Я тихо рассмеялась в темноте и ответила с лаской в голосе:
— Все когда-нибудь умирают.
— Но ты ведь еще долго не умрешь? — настаивает она. — Будешь жить много-много лет, да?
— Хотелось бы надеяться.
— О. — Осмысливая мои слова, она удобнее устраивается на кровати, прижимается ко мне. — Мы живем дольше, чем собаки, да?
Я подтверждаю. Она вновь о чем-то задумалась.
— А где, по-твоему, теперь Чарли, татап?
У меня наготове много лживых объяснений, которые успокоили бы ее, но сейчас я не могу ей лгать.
— Не знаю, Нану. Мне нравится думать, что все мы возрождаемся. В новом организме — не старом и не больном. А может, в птице или в дереве. Но этого никто точно не знает.
— О, — с сомнением протянула она тоненьким голоском. — Даже собаки?
— Почему бы нет?
Это красивая сказка, фантазия. Порой я увлекаюсь ею, как ребенок своими собственными выдумками. В лице моей маленькой незнакомки вижу экспрессивные черты матери…
— Значит, мы найдем Гийому его пса, — оживляется Анук. — Прямо завтра же. Тогда он перестанет грустить, да?
Я пытаюсь объяснить, что не все так просто, но она настроена решительно.
— Обойдем все фермы и выясним, у каких собак есть щенята. Думаешь, мы сумеем узнать Чарли?
Я вздыхаю. Казалось бы, я уже должна привыкнуть к ее замысловатой логике. Своей убежденностью она так живо напомнила мне мать, что я едва сдерживаю слезы.
— Не знаю.
— А Пантуфль узнает, — не сдается она.
— Спи, Анук. Завтра в школу.
— Он узнает его. Я точно знаю. Пантуфль все видит.
— Тсс.
Наконец я услышала, что ее дыхание выровнялось. Спящее личико дочери обращено к окну, и я вижу на ее мокрых ресницах отблеск мерцающих звезд. Если бы только я могла быть уверена, ради нее… Но на свете нет ничего определенного. Колдовство, в которое столь безоговорочно верила моя мать, в конечном итоге не спасло ее; ничего из того, что мы делали вместе, нельзя объяснить обычным совпадением. Не так все просто, говорю я себе. Карты, свечи, благовония, заклинания — это всего лишь детский трюк, чтобы изгнать темноту. И все же мне больно при мысли, что Анук будет огорчена. Во сне ее личико так спокойно и доверчиво. Я представляю наш завтрашний бессмысленный поход в поисках щенка, в которого переселился дух Чарли, и во мне растет возмущение. Не следовало говорить ей то, что я не способна доказать…

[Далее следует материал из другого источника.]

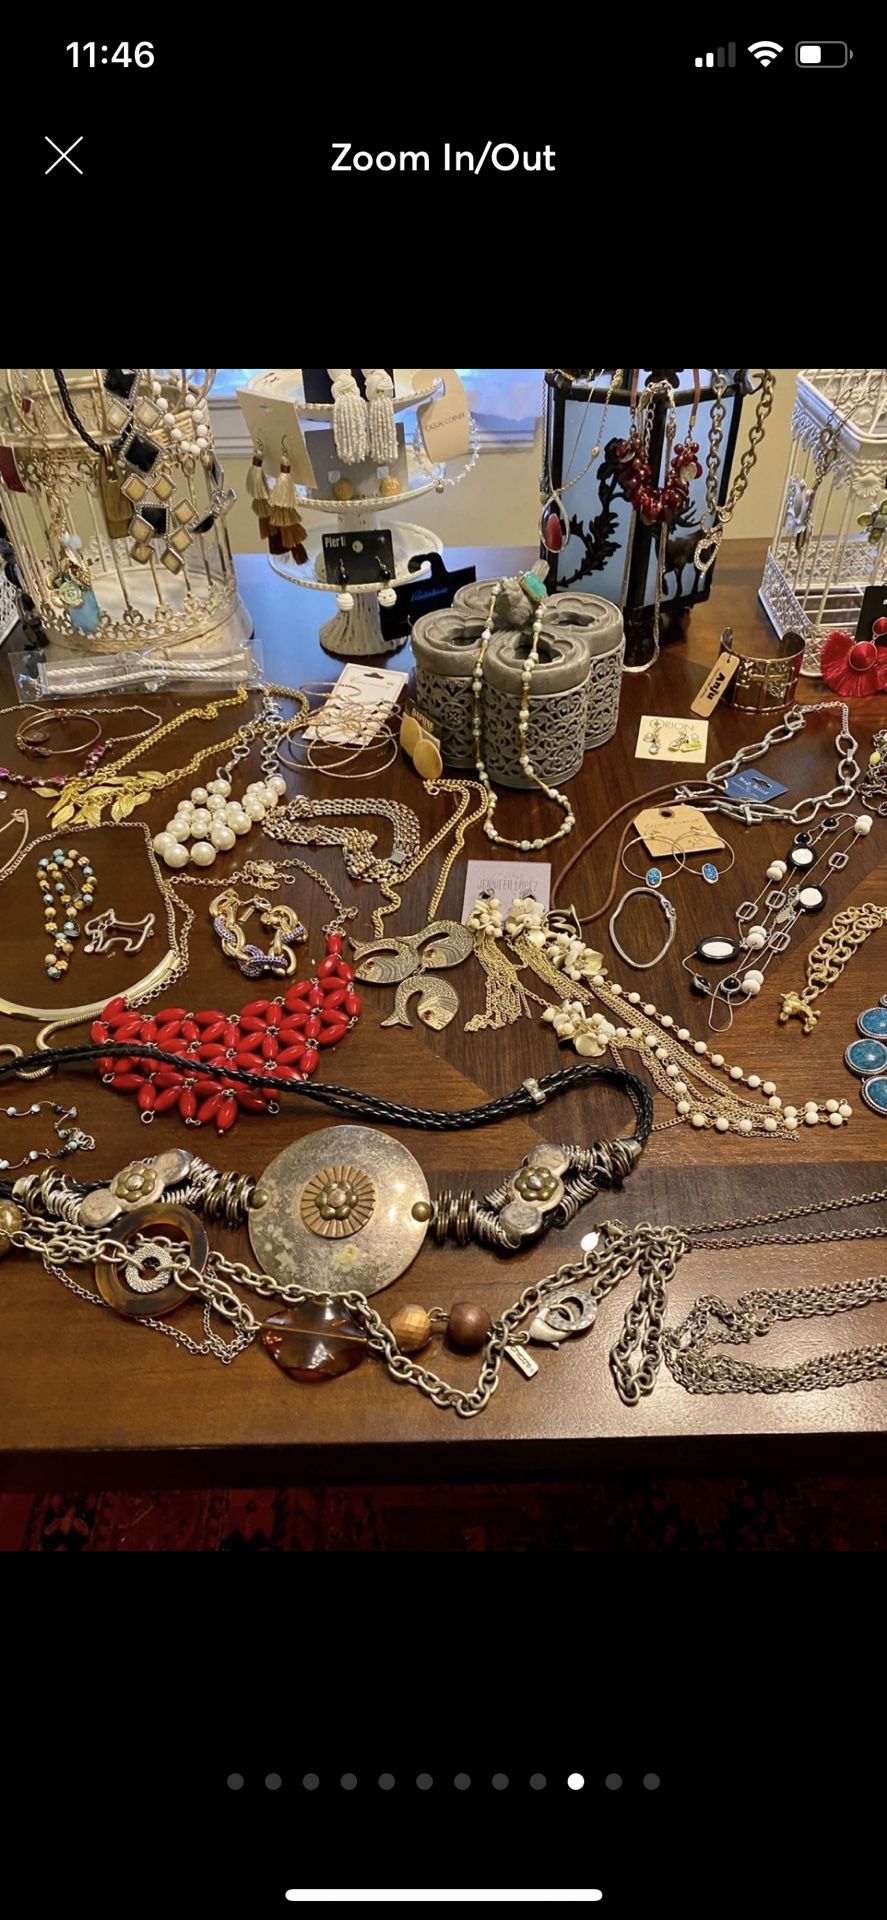 Lot of jewelry, beads, and cutters

Стараясь не разбудить дочь, я осторожно соскальзываю с кровати. Голыми ногами бесшумно ступаю по гладким холодным половицам. Дверь тихо скрипнула, когда я открыла ее. Анук пробормотала что-то во сне, но не проснулась. На мне лежит ответственность, убеждаю я себя. Сама того не желая, я дала обещание.
Вещи матери по-прежнему в ее ящичке, упакованы в сандаловое дерево и лаванду. Карты, травы, книги, масла, ароматизированные чернила, которые она использовала для гаданий, заклинания, амулеты, кристаллы, разноцветные свечи. Я редко открываю этот ящичек, разве что свечи иногда достаю. Он источает острый запах утраченных надежд. Но ради Анук — ради Анук, так живо напоминающей мне ее, — я должна попытаться. И я сама себе немного смешна. Мне следовало бы уже давно спать, набираться сил для завтрашнего нелегкого дня. Но перед глазами неотступно стоит лицо Гийома. Слова Анук лишают сна. Опасное это дело, в отчаянии твержу я себе. Вновь принимаясь за почти забытое ремесло, я лишь усугубляю в себе чувство исключительности, мешающее нам остаться здесь…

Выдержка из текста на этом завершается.